Although by no means a rare insect, the matsumushi is much esteemed for the peculiar clearness and sweetness of its notes—(onomatopoetically rendered in Japanese by the syllables chin-chirorīn, chin-chirorīn),—little silvery shrillings which I can best describe as resembling the sound of an electric bell heard from a distance. The matsumushi haunts pine-woods and cryptomeria-groves, and makes its music at night. It is a very small insect, with a dark-brown back, and a yellowish belly.
Perhaps the oldest extant verses upon the matsumushi are those contained in the Kokinshū,—a famous anthology compiled in the year 905 by the court-poet Tsurayuki and several of his noble friends. Here we first find that play on the name of the insect as pronounced, which was to be repeated in a thousand different keys by a multitude of poets through the literature of more than nine hundred years:—
Aki no no ni
Michi mo madoinu;
Matsumushi no
Koe suru kata ni
Yadoya karamashi.
“In the autumn-fields I lose my way;—perhaps I might ask for lodging in the direction of the cry of the waiting-insect;”—that is to say, “might sleep to-night in the grass where the insects are waiting for me.” There is in the same work a much prettier poem on the matsumushi by Tsurayuki.
With dusk begins to cry the male of the Waiting-insect;—
I, too, await my beloved, and, hearing, my longing grows.
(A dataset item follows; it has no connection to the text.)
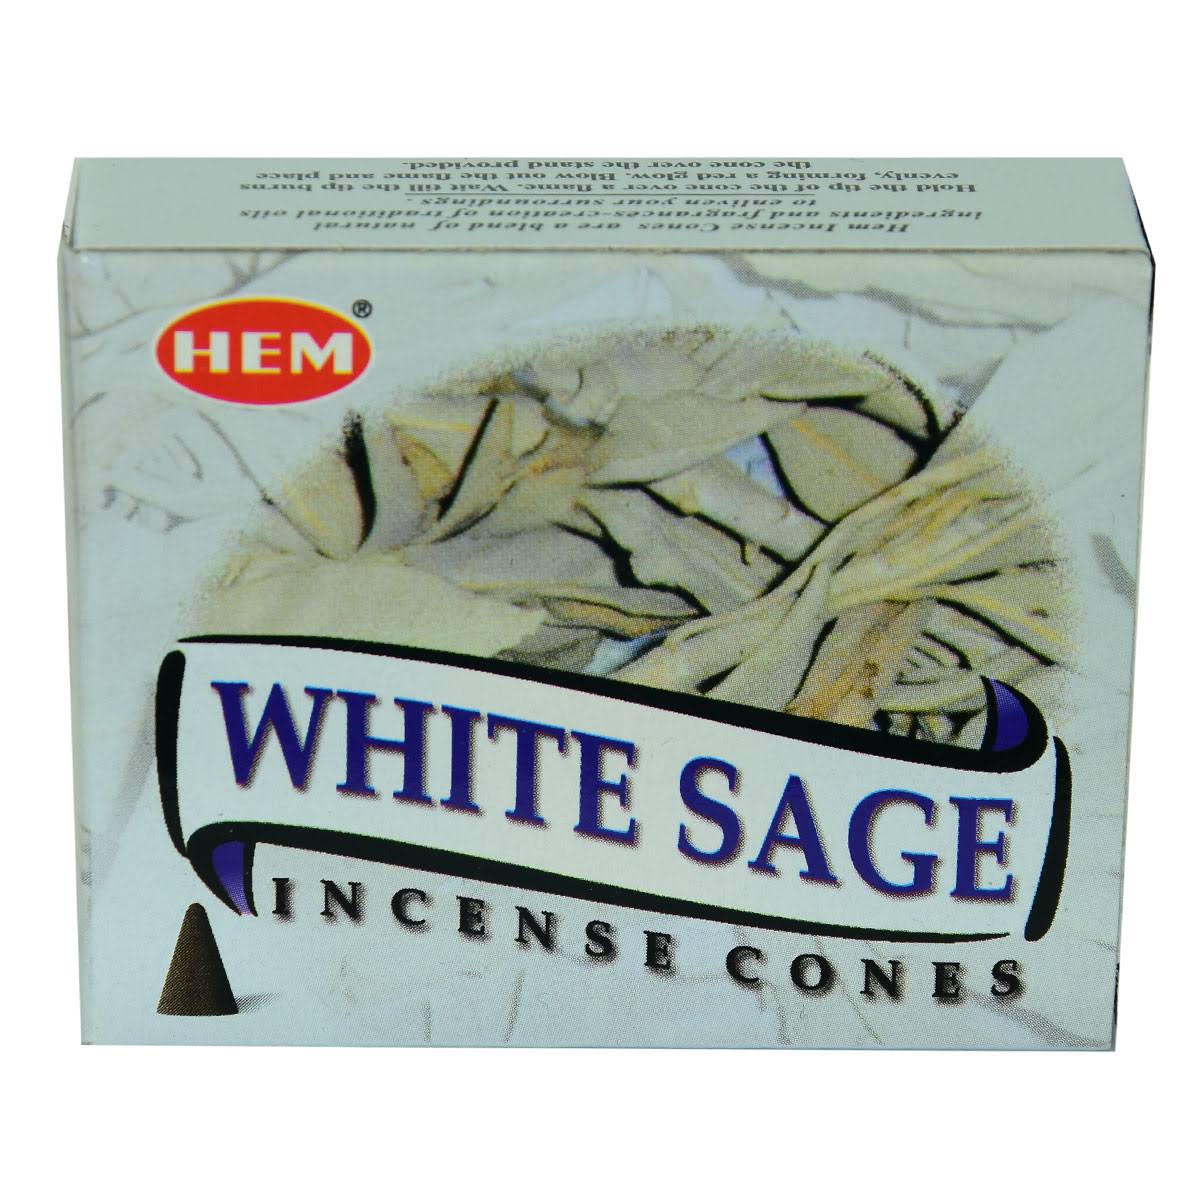 Hem White Sage Incense Cones - 10 Cones

The following poems on the same insect are less ancient but not less interesting:—
Forever past and gone, the hour of the promised advent!—
Truly the Waiter’s voice is a voice of sadness now!
Parting is sorrowful always,—even the parting with autumn!
O plaintive matsumushi, add not thou to my pain!
Always more clear and shrill, as the hush of the night grows deeper,
The Waiting-insect’s voice;—and I that wait in the garden,
Feel enter into my heart the voice and the moon together.